The Indie Hypocrisy: Reactions

Wow, guys. Just wow. I’ve been floored by the reaction to The Indie Hypocrisy. And with good reason.

Let me put it this way. My top post of all time for number of hits was 2016’s You Just Keep Pushing Me Away, a commentary piece on the lack of research in Literary writing that, over a few days, racked up 7,000 hits. Since a lot of other posts only range around 500 to two or three thousand, that 7,000 in a few days has definitely been the peak so far. That post had hits from all over.

But even with that, how many comments did it accrue? Just 20, including my own responses.

Meanwhile, The Indie Hypcrisy had nothing close to that. It’s still sitting at just over 200 views. Not bad, but nothing like YJKPMA. At the same time, however … Those of you who read TIH definitely had a lot more to say than those who read YJKPMA. At this exact moment, TIH is standing tall, I believe, with one of the largest comment chains in recent memory. To whit, between this site and my fanfic profile (where a short intro to the post also goes up), TIH racked up a grand total of 62 comments.

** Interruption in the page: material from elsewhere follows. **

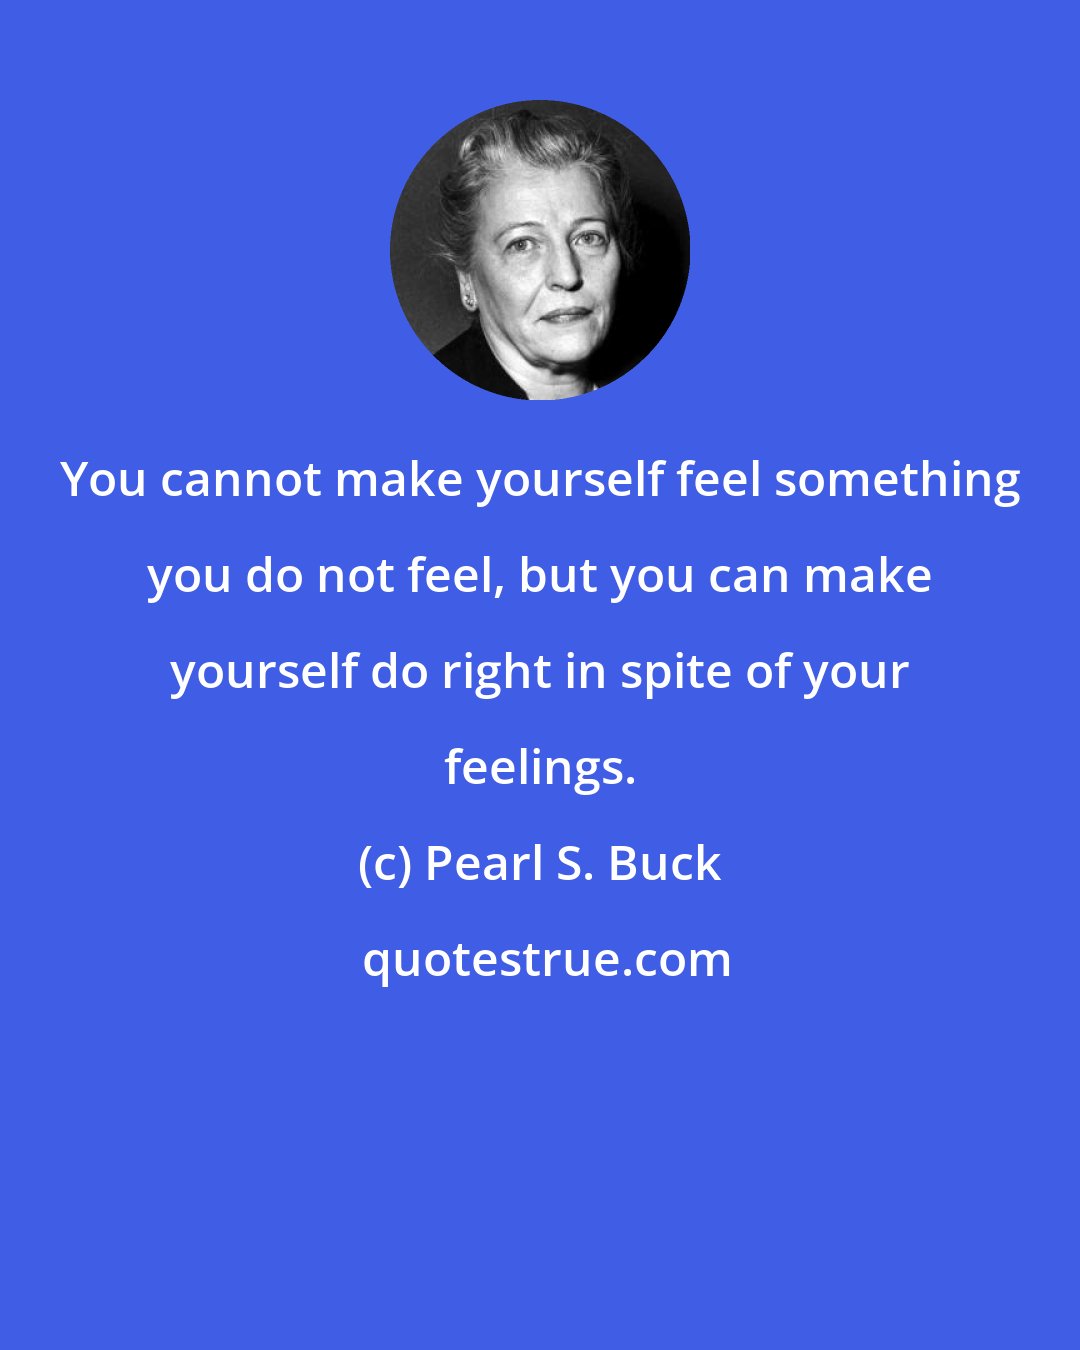 Pearl S. Buck: You cannot make yourself feel something you do not feel, but you can make yourself do right in spite of your feelings.

Best part is, these weren’t just the “Huh, sounds good” kind of comments. These were thoughtful comments, either pitching in with suggestions as to why such a disparity could be, questioning or pointing out the differences of indie books and other indie genres, or even discussing points raised by other commentators.

Ultimately there were far too many posts for me to reply to them all individually. At least, not if I wanted to keep up with my day to day job. But at the same time, there are probably a decent number of readers who never ventured into the comments, and there were so many comments made, with some really good points or at least perspectives, that I did want to come back to it as soon as I could.

Which, of course leads us to today’s post, which has seen me spending the last hour sifting through all of these posts, tallying their topics and approaches, and bringing them together here. Because while I do still have to get back to editing on Shadow of an Empire, I think a lot of the points raised by readers are important and worth talking about.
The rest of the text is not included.